Part of the motivation behind that shift has to do with technological changes in the music industry.

“Stations are finding that playing CDs is not a very good competitive situation no matter how good the local host is,” says John Sutton, founder of a company that provides research, marketing and management consulting services to public radio stations. “What’s happening is that people are going online and getting their music there. They’re using the shuffle mode on their iPod or MP3 player, and they’re learning about new artists from the Internet. They’re going to announcer-free channels on satellite radio.

“Unfortunately, the age of the well-versed announcer introducing people to new music and sharing insights is coming to an end.”

Tied into this is the counterintuitive notion that stations can achieve more financial support from listeners by narrowing the range of programs offered. Experts say that, though it would seem to make sense that the more listeners a station brings in, the more successful it will be financially, in the world of public radio it’s the amount of time a person listens that’s most important. And so, in the case of WDET, shifting from NPR’s early news program “Morning Edition” to music during the day, and then back to news with NPR’s “All Things Considered” in the afternoon, ran the risk of fragmenting the station’s audience. The people interested in news weren’t likely to want music, and vice versa.

“The notion of consistency is really important,” Mitchell says. “Pledging is totally dependent on how much a person listens. If you listen for an hour or two a week, it’s most likely that you won’t contribute. If you listen for 30 hours a week, it’s very likely that you will contribute.”

Marc Hand, a consultant to public radio stations, offers a similar analysis, saying the key to financial success at public radio stations is building as large a core audience as possible. “If you offer more of a mix, your audience is more fragmented. You might reach a broader audience, but they will listen less, and when they listen less, they will contribute less.”

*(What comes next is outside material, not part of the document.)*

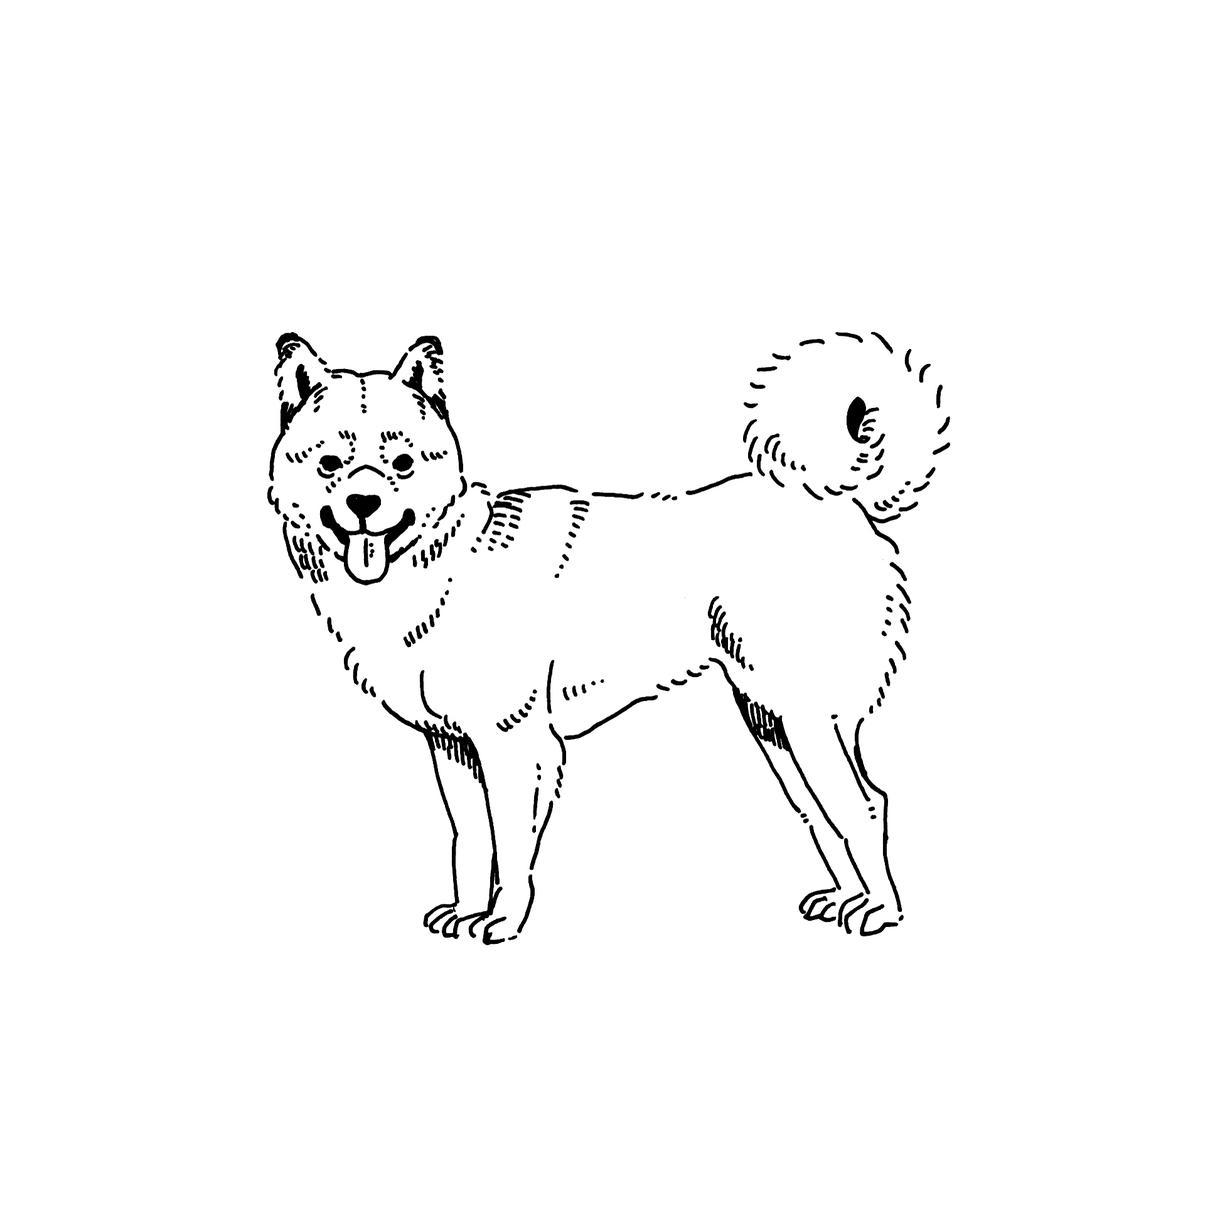 カットイラスト、DM描きます 動物と女の子のイラストが大得意、柔らかな線のイラストです。

Focusing format, he says, translates into more revenue.

WDET, as Coleman is quick to point out, has not forsaken music. There’s still plenty of music to be found in the evenings, overnight and on the weekends. “I have trouble, really, with the notion that WDET has killed the music,” Coleman says. “We will never do that on my watch.”

“It’s an absolutely rational change,” says Tom Thomas, co-CEO of Station Resource Group, which provides consulting services to 48 public radio stations. “It’s a move toward programming that seems to be enjoying the widest interest by the public at this juncture. If all goes as trends suggest, it should result in more people tuning in, with those who are tuning in staying longer, and being more generous in their financial support.”

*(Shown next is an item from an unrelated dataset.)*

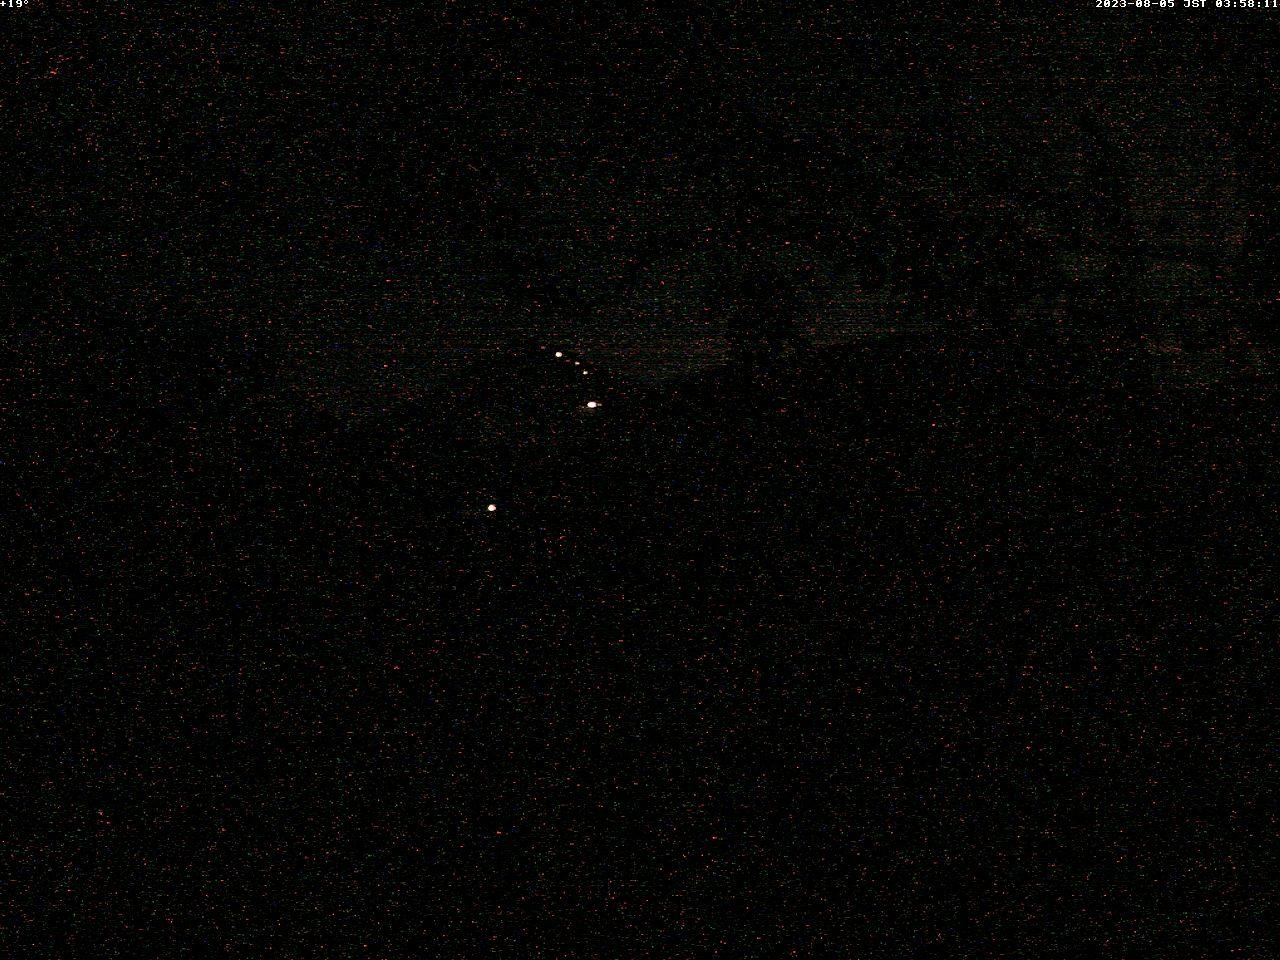 富士五湖カメラ(音楽合宿カメラ)

But the move to news talk on weekdays is not seen as risk-free. For one thing, it places WDET more directly into competition with Ann Arbor public radio station WUOM, which also focuses on news and talk programming during weekdays. People on the west side of metro Detroit can pick up the signal of either station. It remains to be seen how many WUOM listeners WDET can attract now that the two stations have similar formats.

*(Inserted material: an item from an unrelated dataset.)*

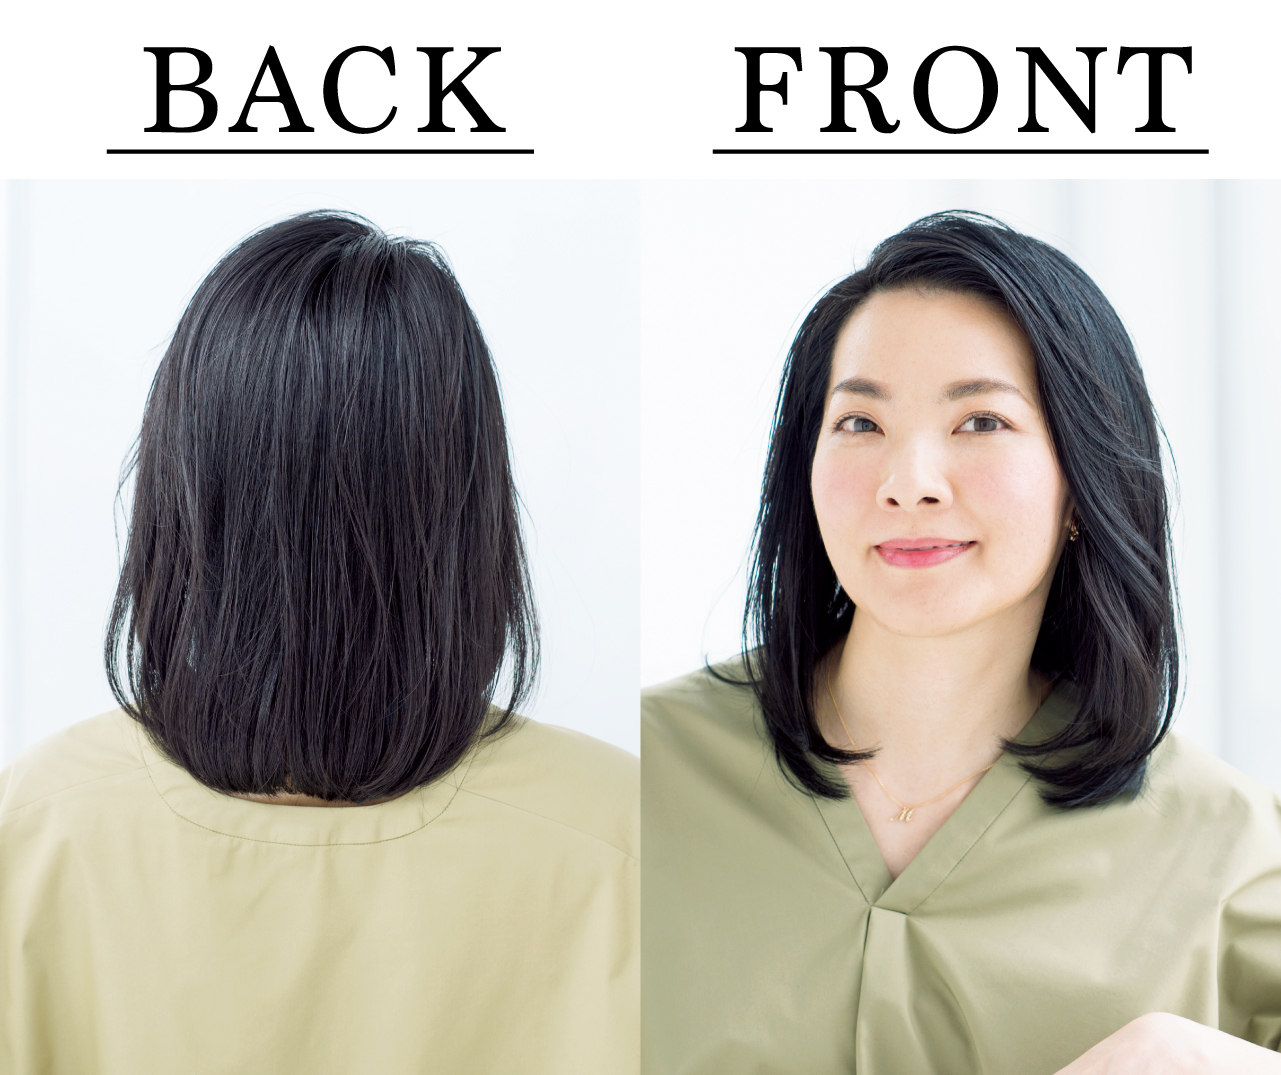 吉良美帆さん Front Back

There’s another potential pitfall in this format change. The uproar from loyal music listeners has been intense. There is talk of protests, boycotts, even a class-action lawsuit. If WDET loses these people, will they be able to attract enough new listeners to put the station on a sound financial footing?

Caryn Mathes, Coleman’s immediate predecessor at WDET, says the station had been expecting a drop-off in support after several popular programs — both local music and national talk — were dropped in an attempt to “smooth out the bumps” in the station’s programming last year. Those changes came after more than two years of research and market study, says Mathes, who earlier this year became general manager of a public radio station in Washington, D.C. The way she sees it, the “tweaking” of a two-prong format that relied on the support of both news and music fans hadn’t been given the chance to fully play out.

“We assumed it would take 24 to 46 months for the new schedule to really take hold,” she says.

Instead, it was scrapped after a little more than a year. Nationally produced news programs are considerably more expensive than locally produced music shows, and when Mathes was in Detroit, she didn’t see how donors would be inspired to contribute enough to make up the difference if the switch to more news was made.

“I think it’s a very risky move,” she says. “But, who knows, it could work.”